Structure of Relevant Part

The transfer device 14 will now be described.

Referring to FIG. 1, the transfer device 14 includes the transfer drum 30, the transfer-drum driver 50 (see FIG. 3A), which is an example of a rotating unit, and a transfer-bias applying unit 33. The transfer drum 30 is an example of a recording-medium transporting body that retains the sheet of recording paper P. The transfer-drum driver 50 rotates the transfer drum 30. The transfer-bias applying unit 33 transfers the toner image T, which is formed on the photoconductor drum 22 that faces the outer peripheral surface of the transfer drum 30, onto the sheet of recording paper P that is transported by the transfer drum 30 that is rotated by the transfer-drum driver 50. The transfer device 14 further includes the paper detection sensor 36, which detects passage of the sheet of recording paper P.

The transfer drum 30 includes a cylindrical portion 31, the leading-end gripper 32, a contact unit 100, and the trailing-end gripper 34. The sheet of recording paper P is wrapped around an outer peripheral surface 31E of the cylindrical portion 31. The leading-end gripper 32 is an example of a holding portion that holds a leading-end portion of the sheet of recording paper P. The controller 100 is disposed in a cut portion 31D formed in the outer peripheral surface 31E. The trailing-end gripper 34 retains a trailing-end portion of the sheet of recording paper P.

The outer peripheral surface 31E of the cylindrical portion 31 faces the outer peripheral surface of the photoconductor drum 22. The cylindrical portion 31 is rotatable around the rotating shaft 31A, and is detachable from the housing 10A. The cylindrical portion 31 includes a cylindrical base 31B and an elastic layer 31C that is formed on the outer peripheral surface of the base 31B. More specifically, the elastic layer 31C extends along the outer peripheral surface of the base 31B from a leading-end portion BL to a trailing-end portion BT of the elastic layer 31C in the transporting direction of the sheet of recording paper P. The cylindrical portion 31 has a cut portion 31D that is recessed in the radial direction and at which the base 31B is exposed.

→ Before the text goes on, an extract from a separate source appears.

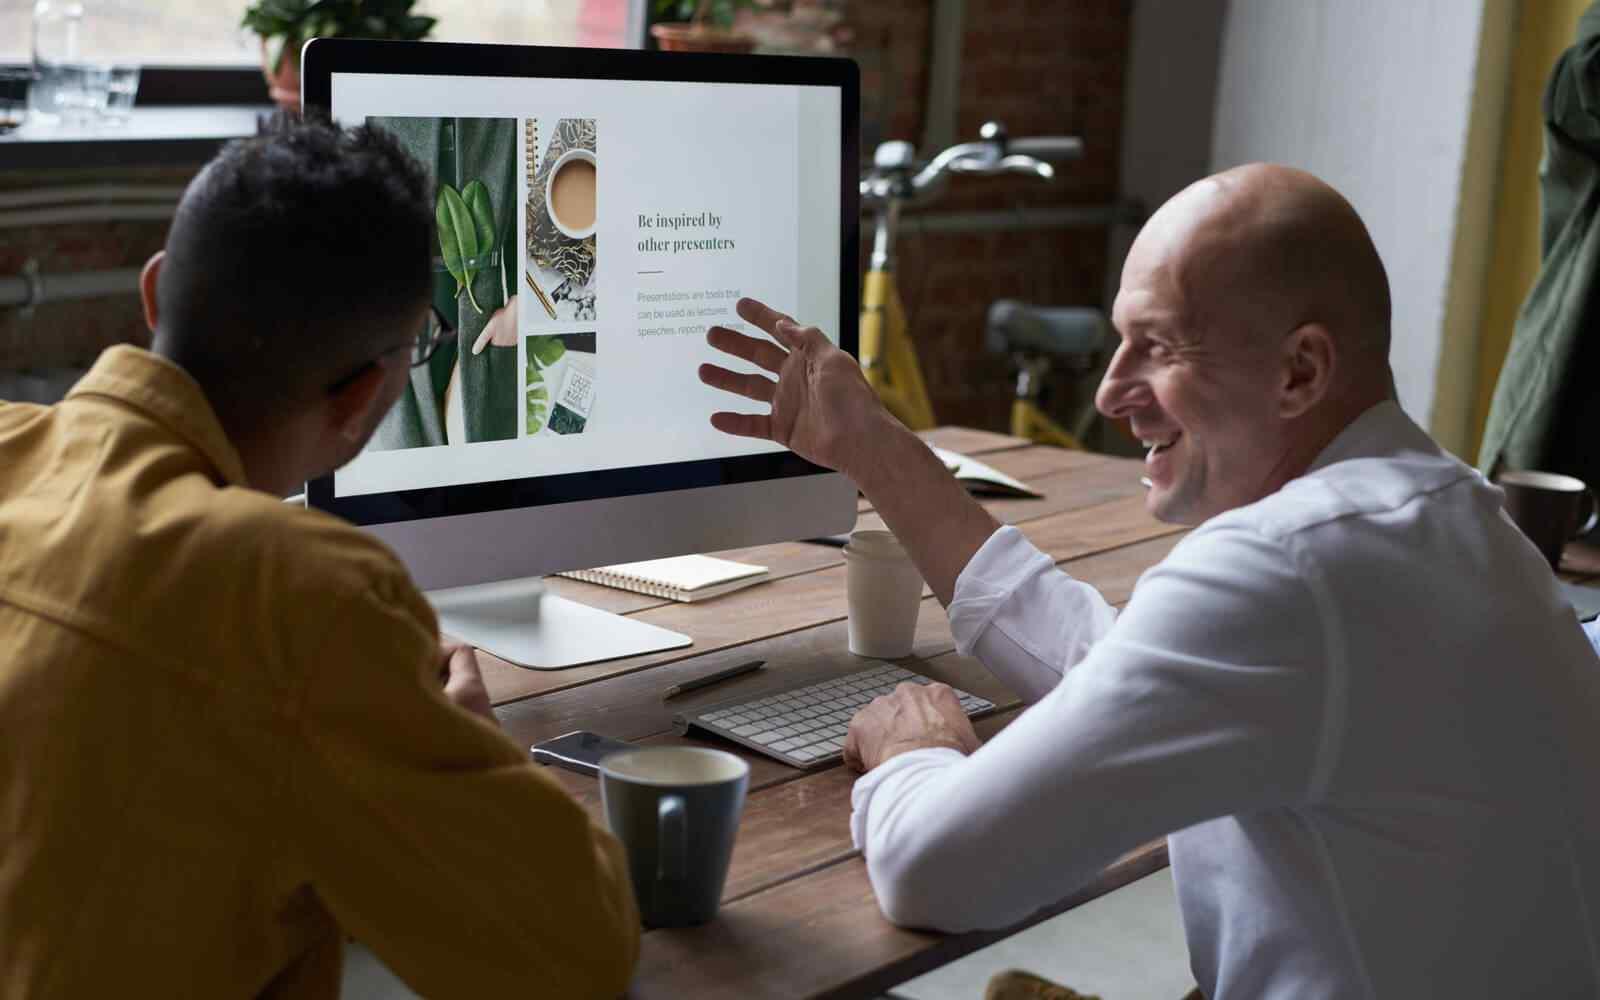 Consultant advising business on web design
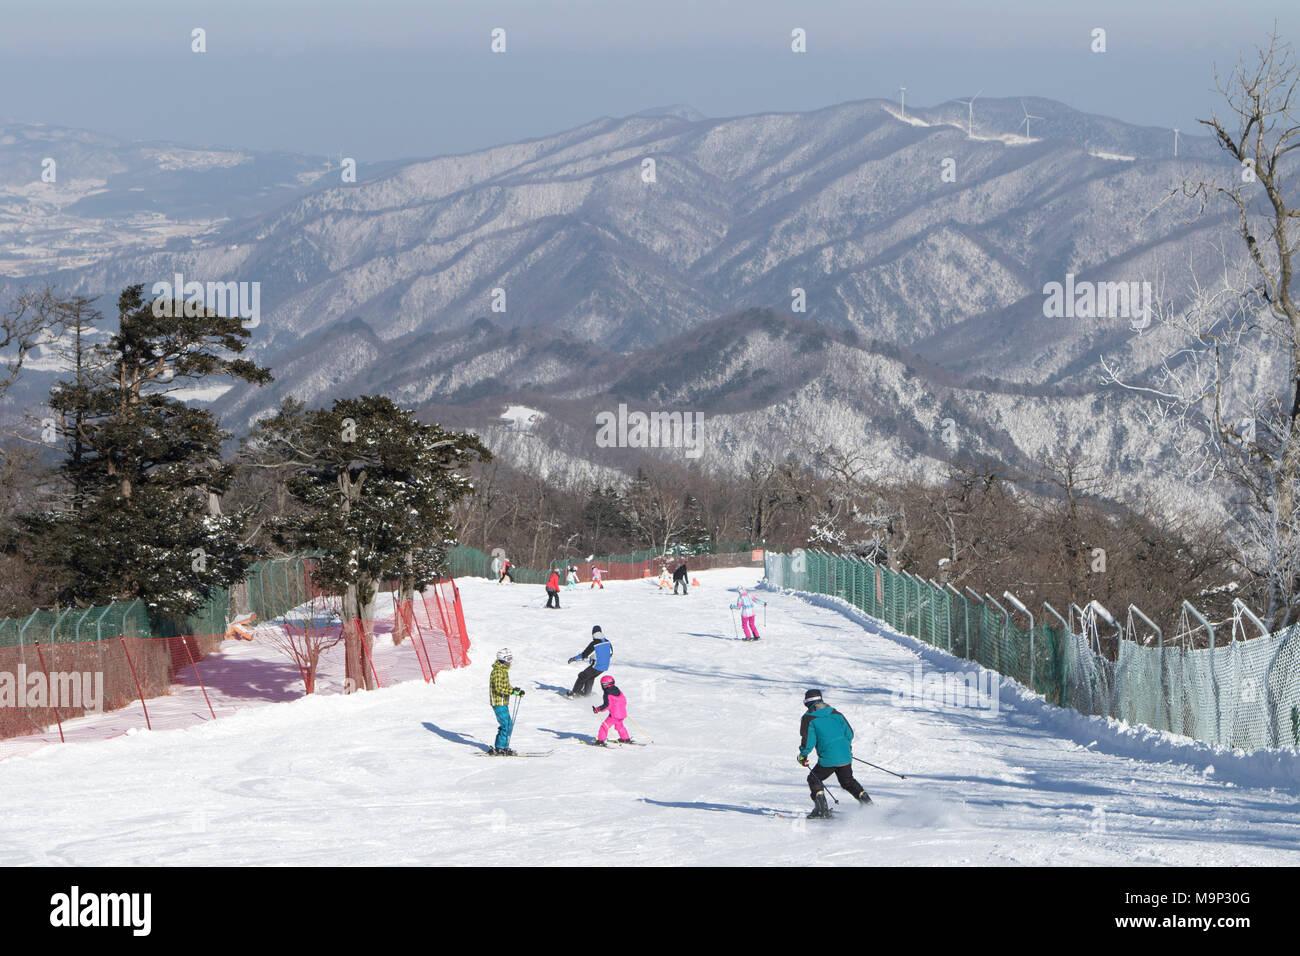 Uno sguardo verso il basso il paradiso Arcobaleno eseguire presso il centro Yongpyong, che è la discesa olimpica per il 2018 Giochi Invernali. Yongpyong (Dragon Valley) Ski Resort è una stazione sciistica in Corea del Sud, situato in Daegwallyeong-myeon, Pyeongchang, Gangwon-do. È il più grande sci e snowboard resort in Corea. Yongpyong ospiterà la tecnica sci alpino eventi per il 2018 Olimpiadi e Paraolimpiadi invernali di Pyeongchang. Alcune scene del 2002 Korean Broadcasting System dramma Sonata di Inverno sono state filmate presso il resort. Immagini Stock

The cylindrical portion 31 is configured to rotate in the direction of arrow B (counterclockwise in FIG. 1) at a peripheral speed that is slightly different from that of the photoconductor drum 22 while the elastic layer 31C is elastically deformed so as to form a nip portion between the elastic layer 31C and the photoconductor drum 22. The rotating shaft (not shown) of the photoconductor drum 22 and the rotating shaft 31A of the cylindrical portion 31 are rotatably supported by the housing 10A. The distance between the rotating shafts of the photoconductor drum 22 and the cylindrical portion 31 is maintained. For example, the outer diameter of the cylindrical portion 31 is greater than that of the photoconductor drum 22 and is 120 mm.

The base 31B of the cylindrical portion 31 is, for example, a conductive hollow tube made of a metal. The elastic layer 31C is a semiconductive elastic member and is made of rubber, such as polyurethane, chloroprene, ethylene propylene rubber (EPDM), or nitrile rubber (NBR). For example, the elastic layer 31C is made of polyurethane. The elastic layer 31C has no dielectric, such as a dielectric sheet, on the outer peripheral surface thereof. The peripheral length of the cylindrical portion 31 (the peripheral length of the elastic layer 31C) is greater than the maximum print length, that is, the maximum length of an image formed on the sheet of recording paper P by the image forming apparatus 10 in the transporting direction of the sheet of recording paper P.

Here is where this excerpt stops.